§ **Data**
::::

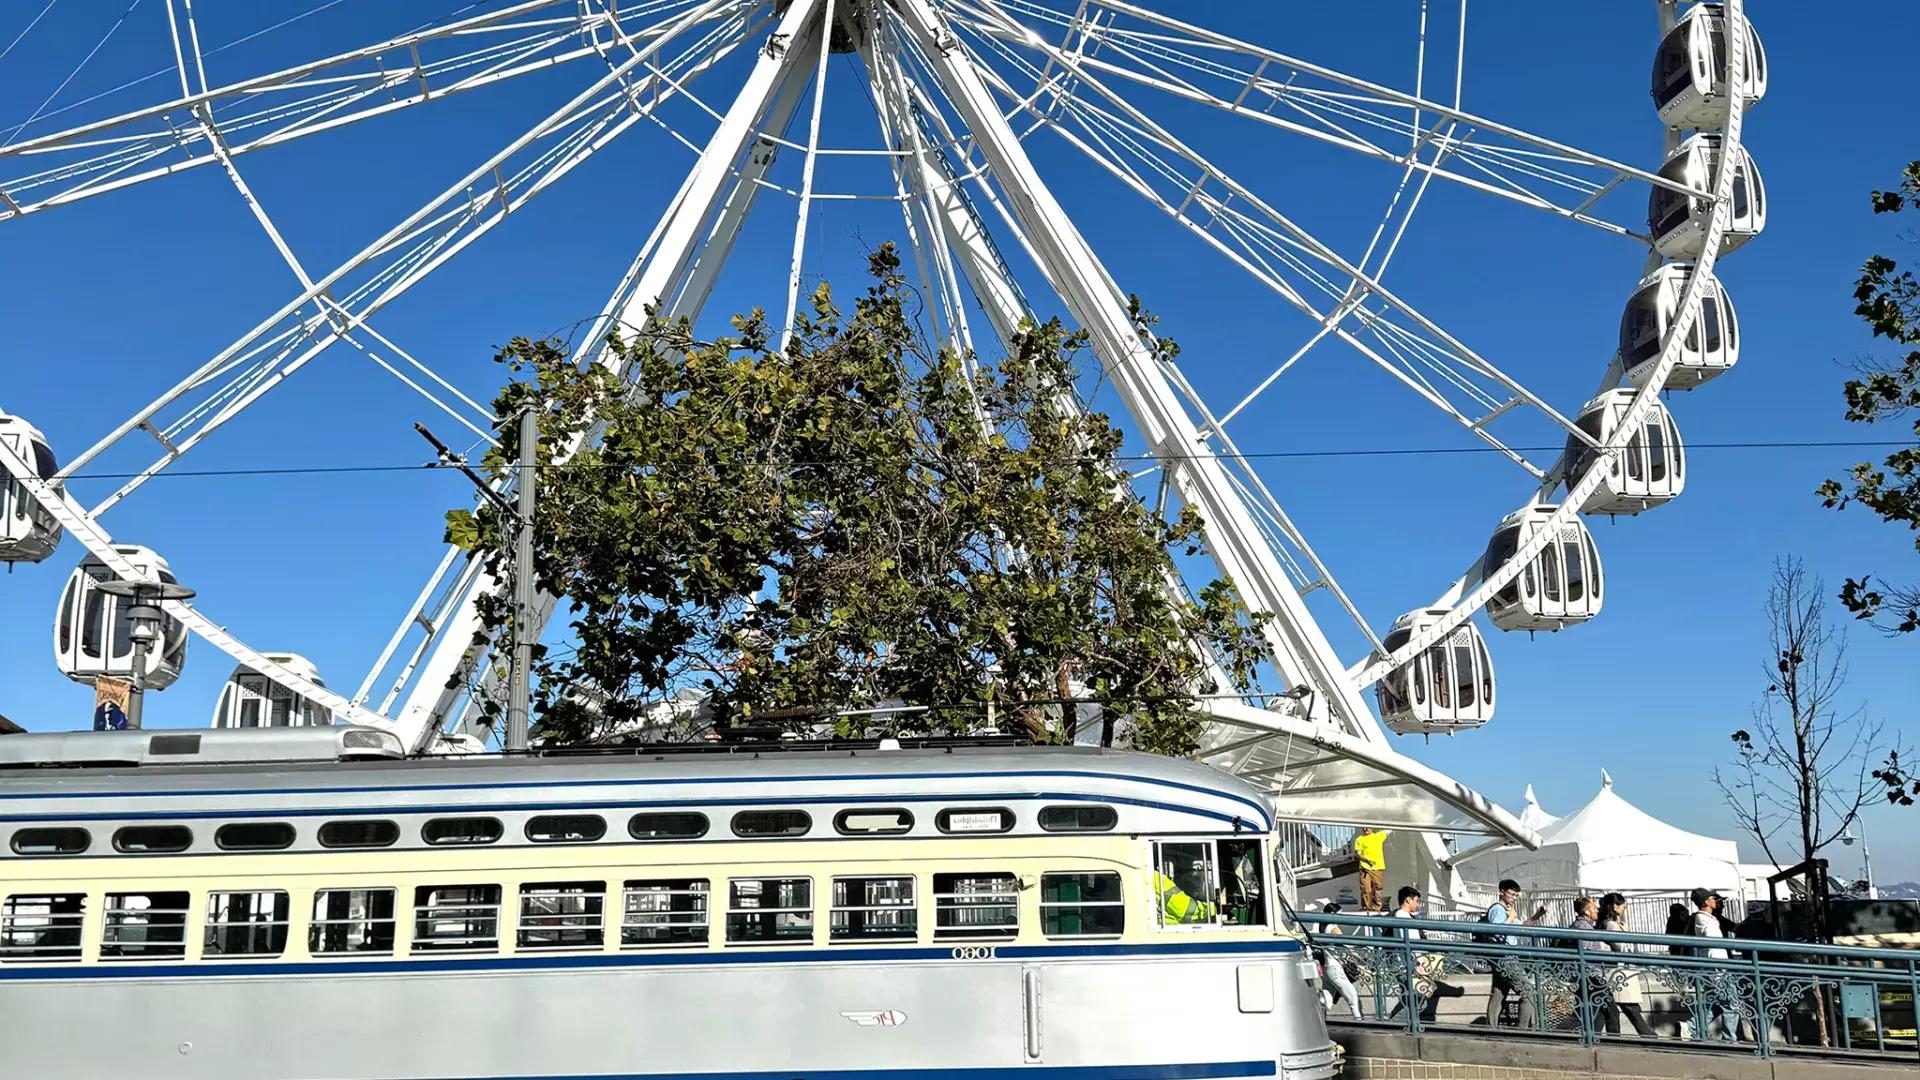 The SkyStar Wheel at Fisherman's Wharf
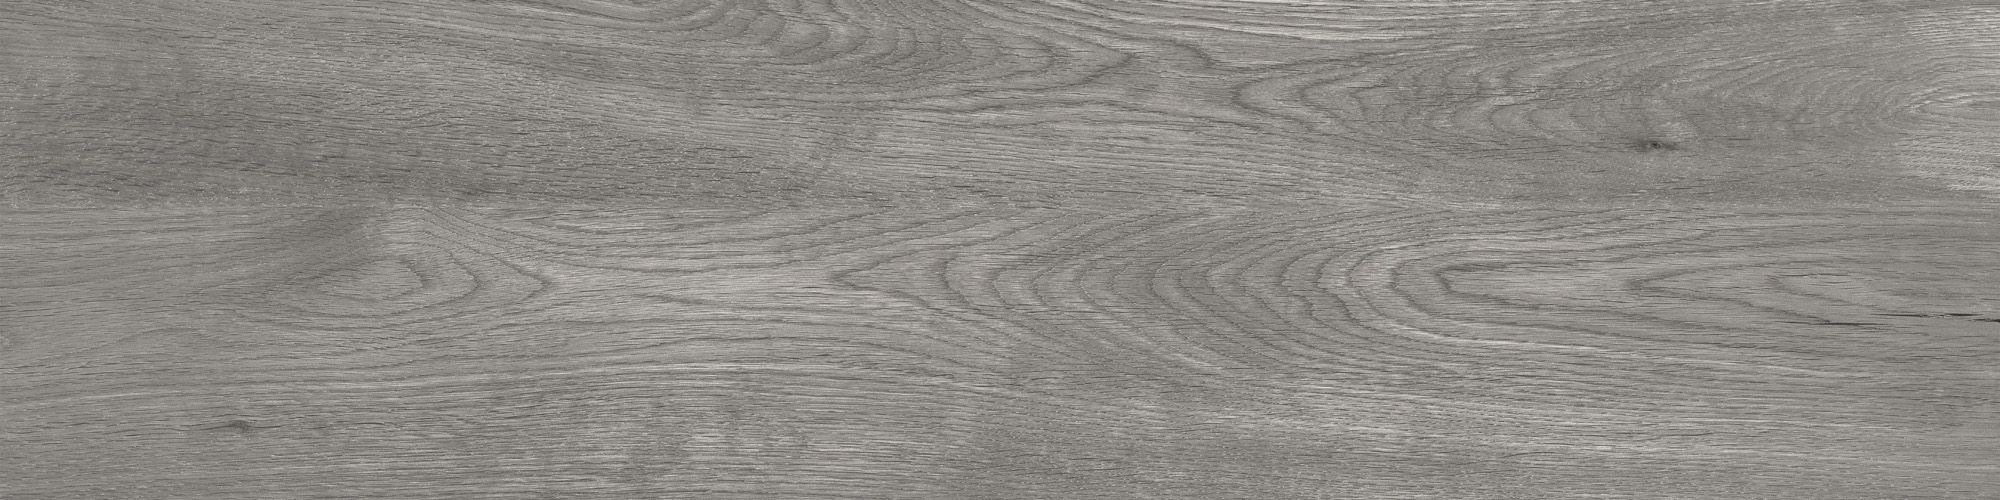 Alpina Wood grey 892920
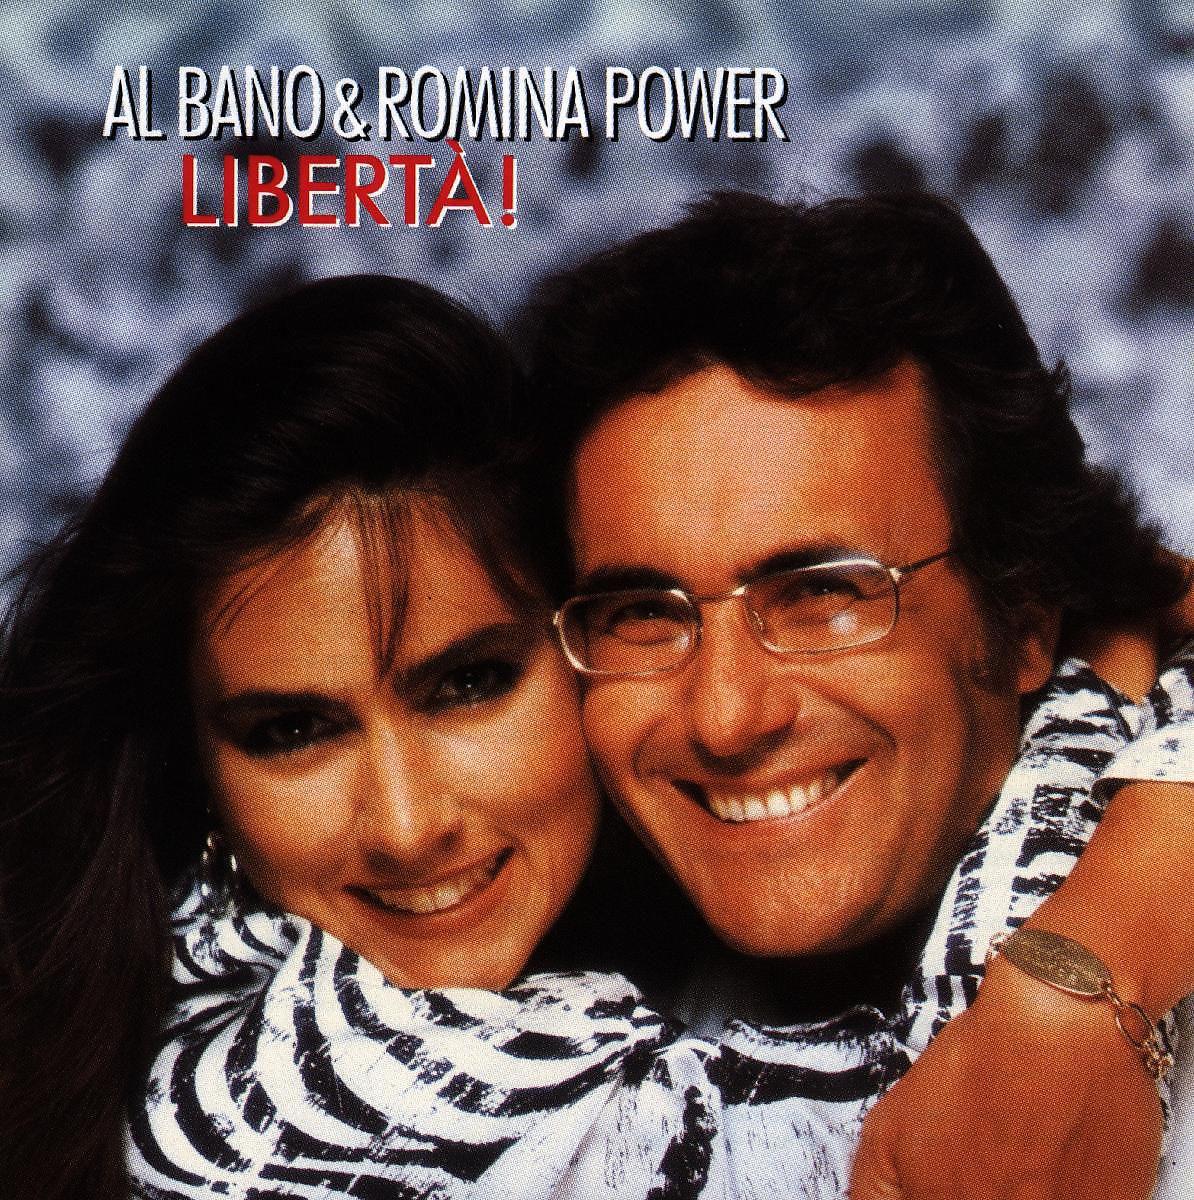 Аль бано и ромина либерта. Аль Бано и Ромина Пауэр. Аль Бано и Ромина Liberta. Al bano & Romina Power Liberta 1987 LP.

::::

§ **What the task asks**
Retype the listing exactly and drop the pictures.

§ **Response below**
 The SkyStar Wheel at Fisherman's Wharf
 Alpina Wood grey 892920
 Аль бано и ромина либерта. Аль Бано и Ромина Пауэр. Аль Бано и Ромина Liberta. Al bano & Romina Power Liberta 1987 LP.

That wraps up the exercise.